■ TASK STATEMENT ■
Span requested from the data below: the line with "Calendrier des vacances" through the line with "Titolo: La storia", both included. Give only these lines again, exactly, and leave every picture out.

■ MATERIAL PROVIDED ■
_ _ _ _
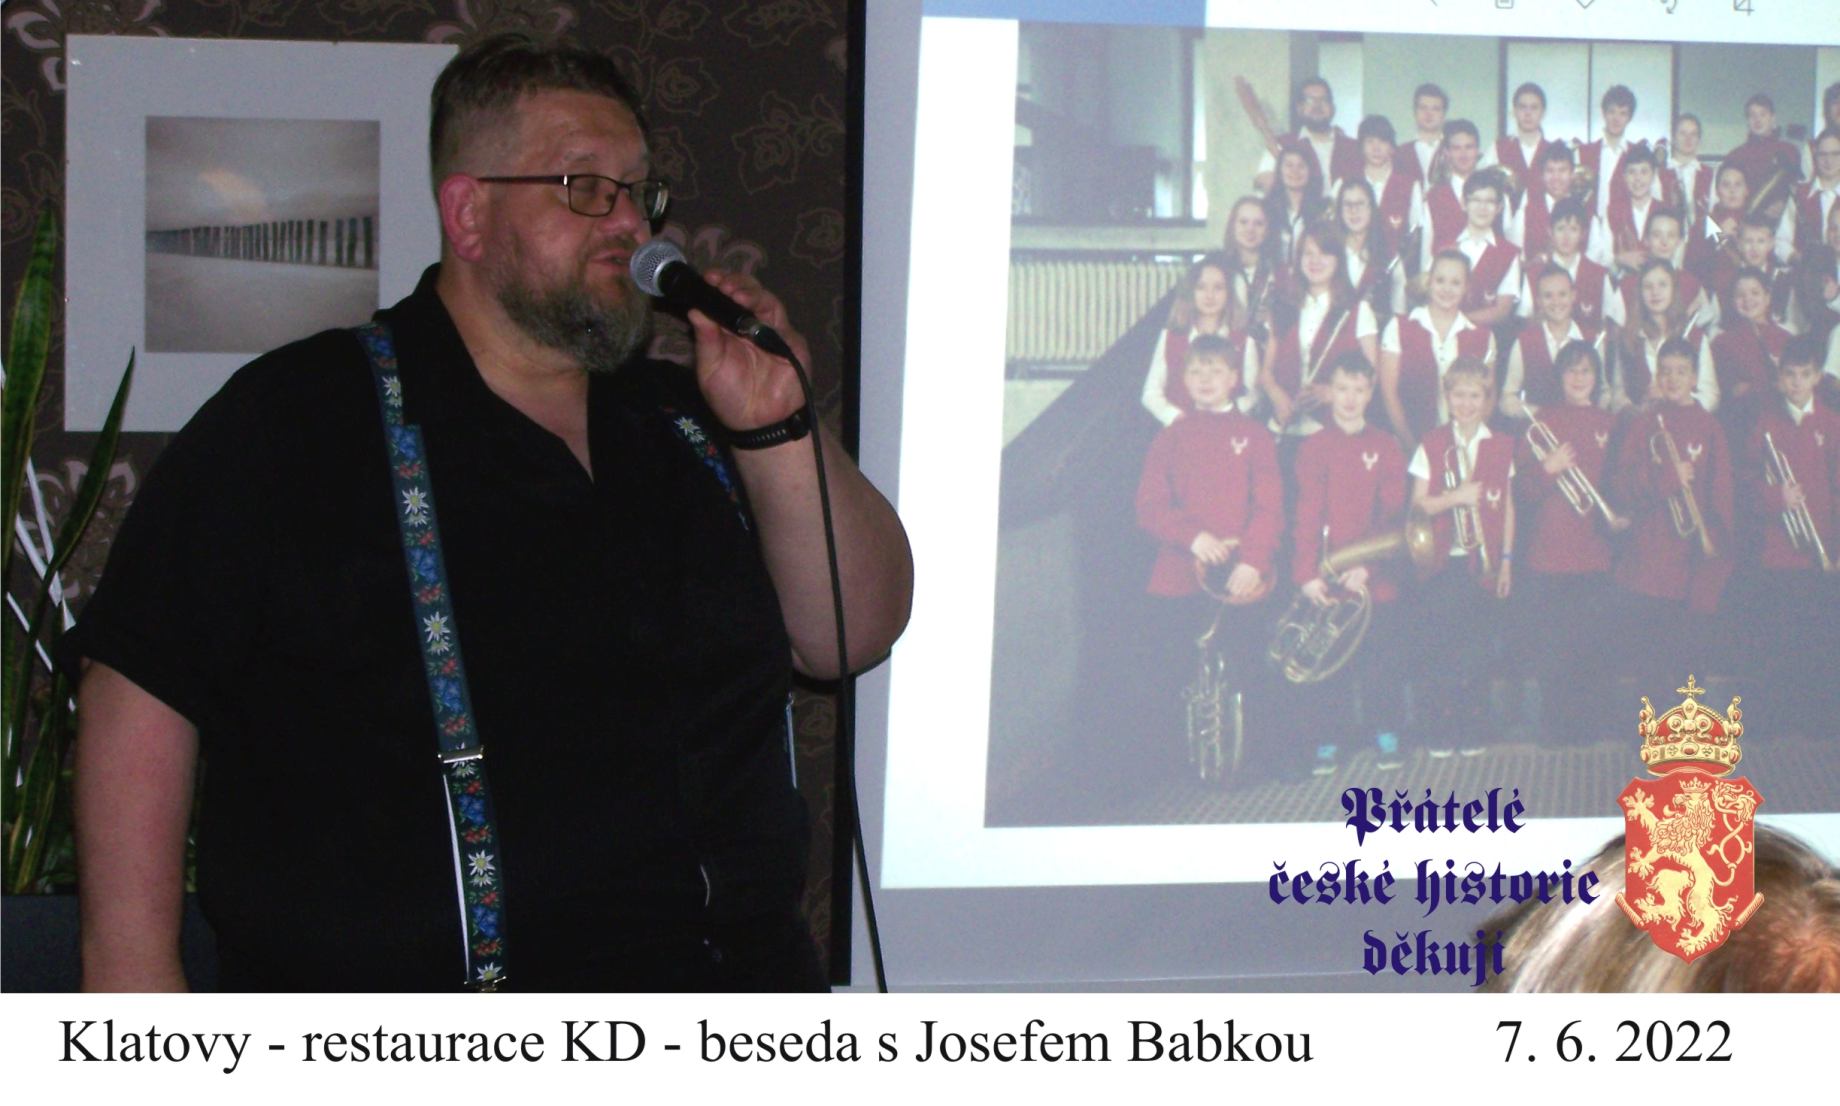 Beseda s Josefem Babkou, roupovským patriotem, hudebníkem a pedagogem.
_ _ _ _
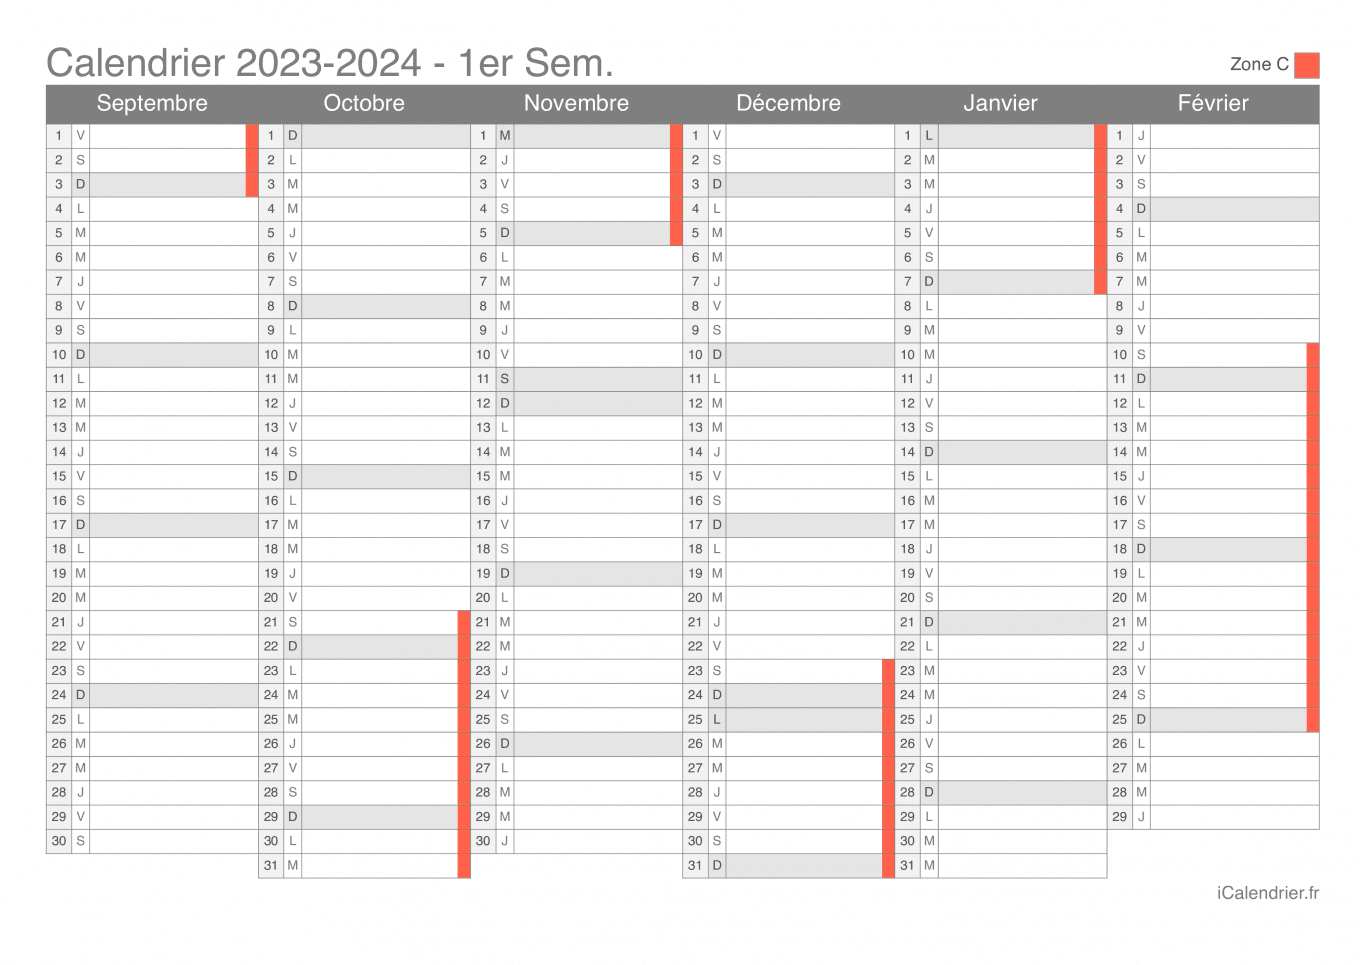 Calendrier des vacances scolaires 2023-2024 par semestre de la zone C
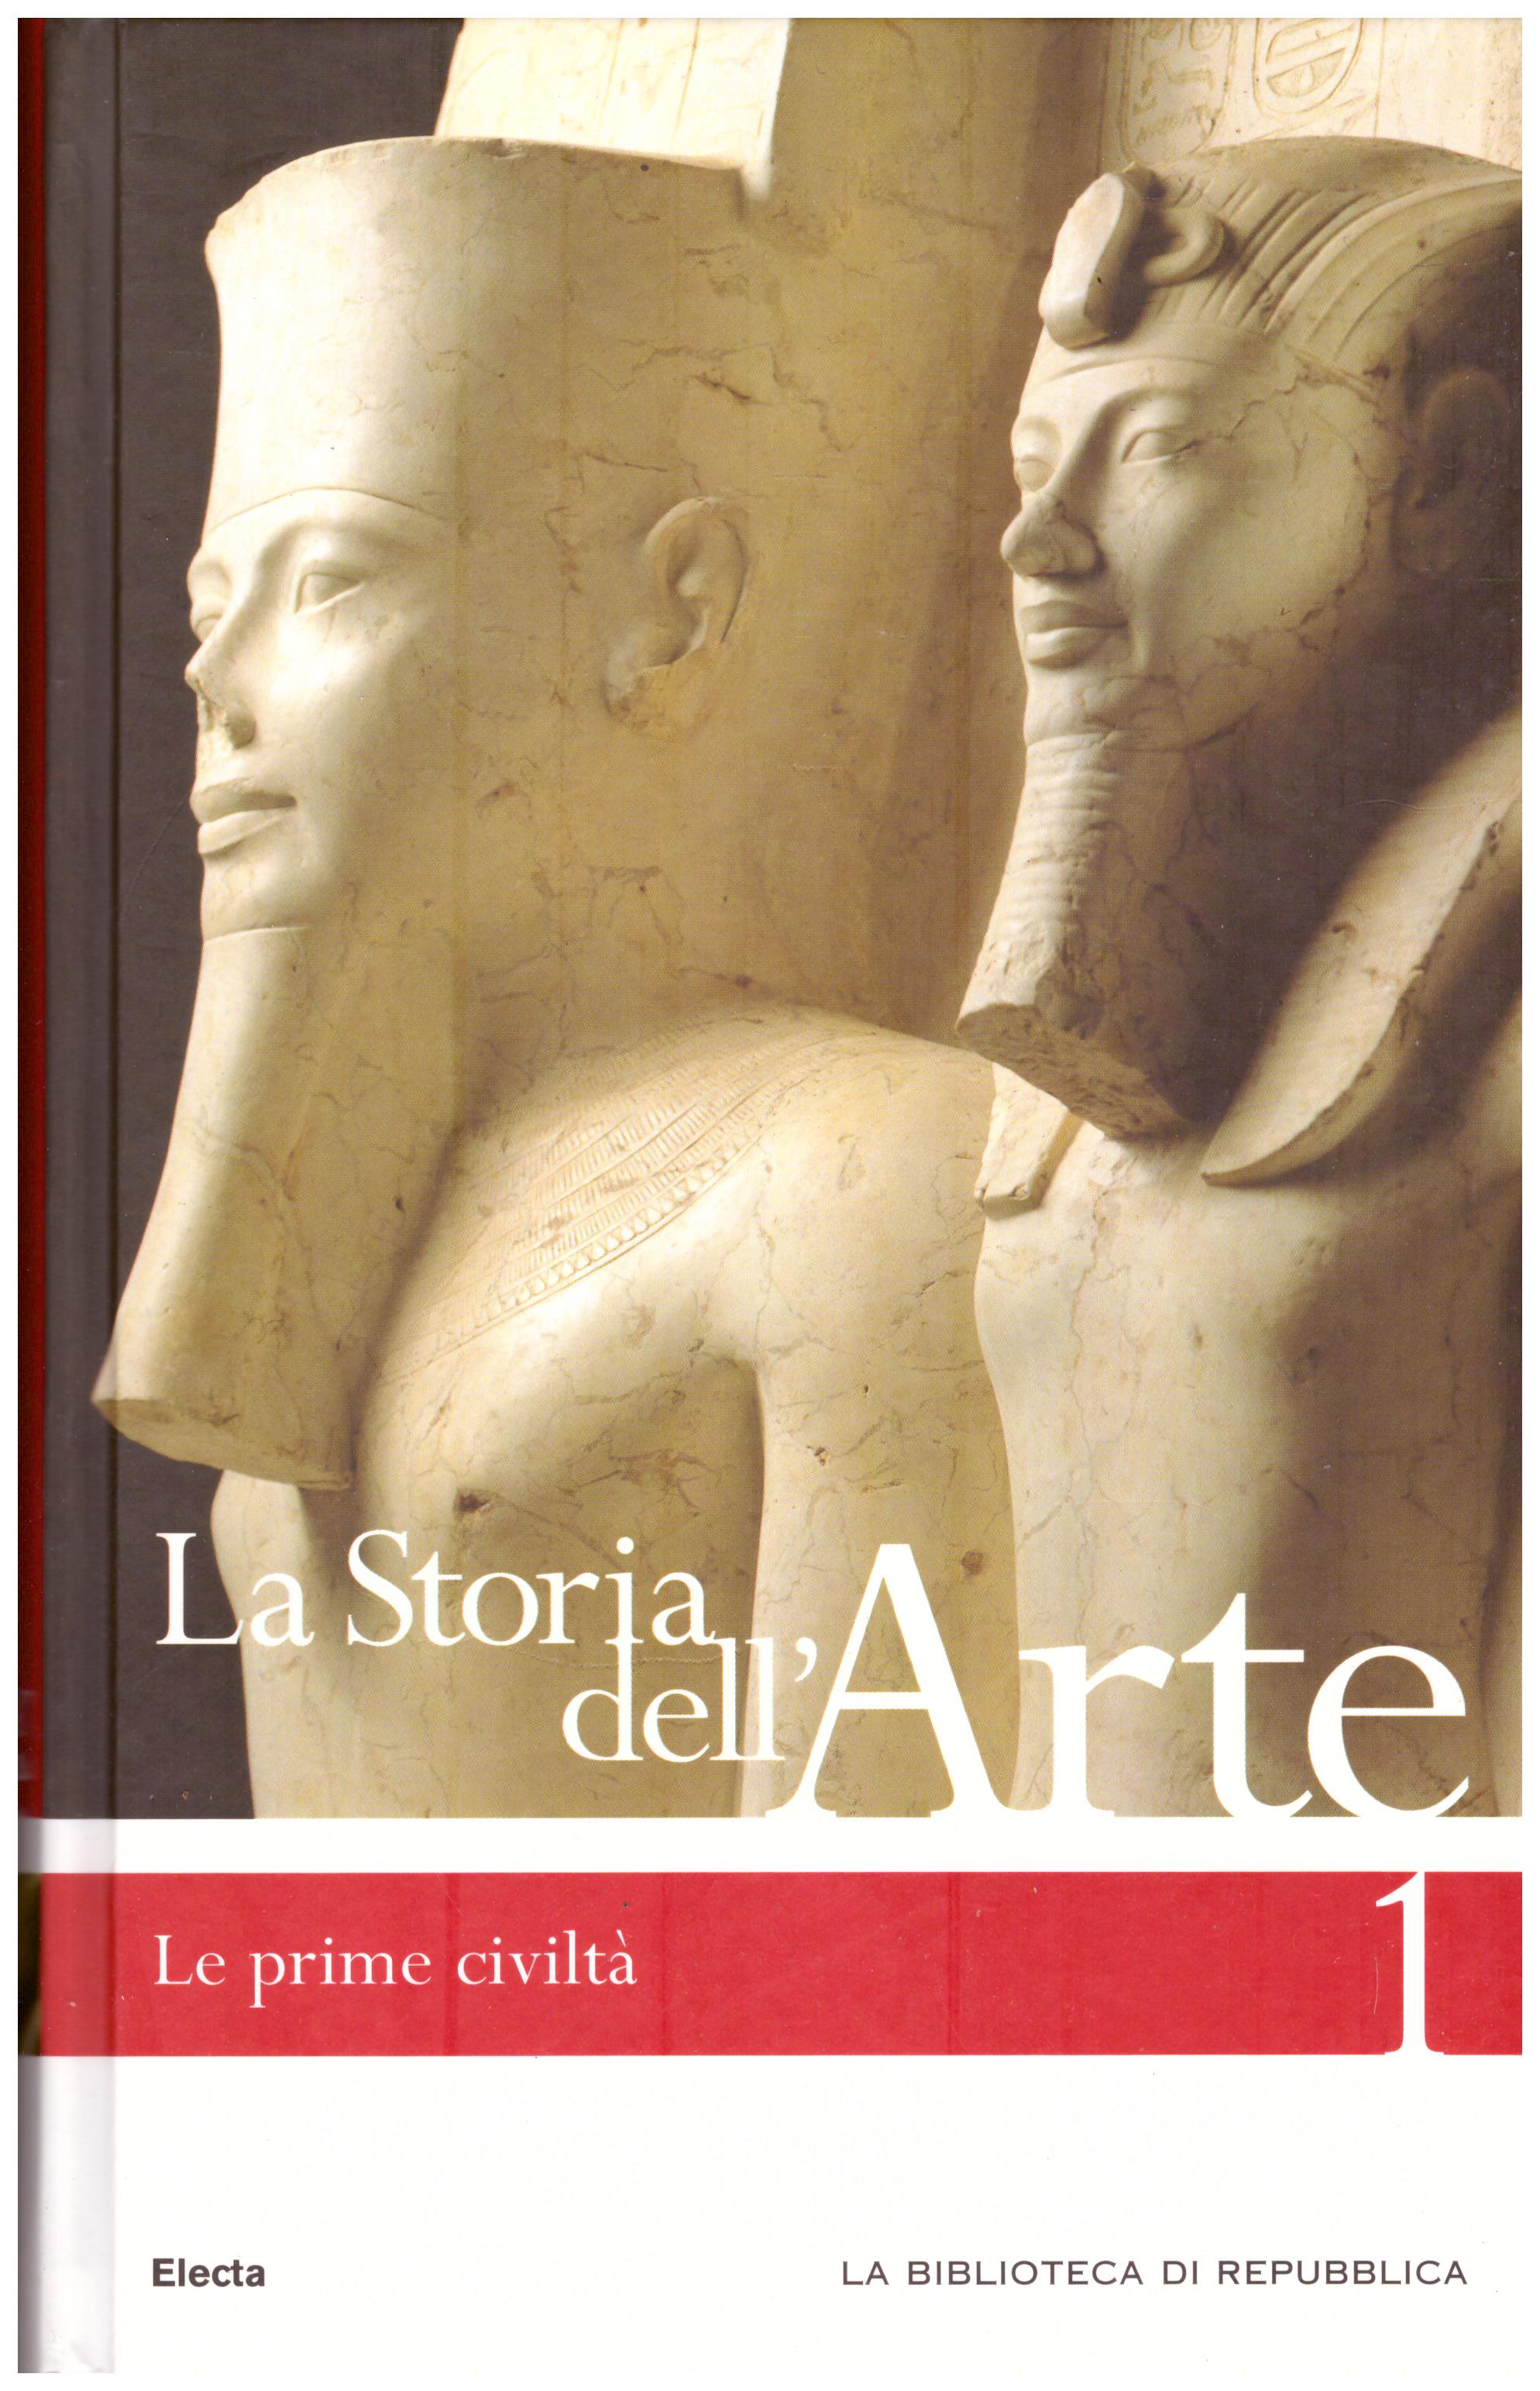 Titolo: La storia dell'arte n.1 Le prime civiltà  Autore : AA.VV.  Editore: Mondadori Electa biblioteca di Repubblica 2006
_ _ _ _
■ ANSWER TO THIS EXERCISE ■
 Calendrier des vacances scolaires 2023-2024 par semestre de la zone C
 Titolo: La storia dell'arte n.1 Le prime civiltà  Autore : AA.VV.  Editore: Mondadori Electa biblioteca di Repubblica 2006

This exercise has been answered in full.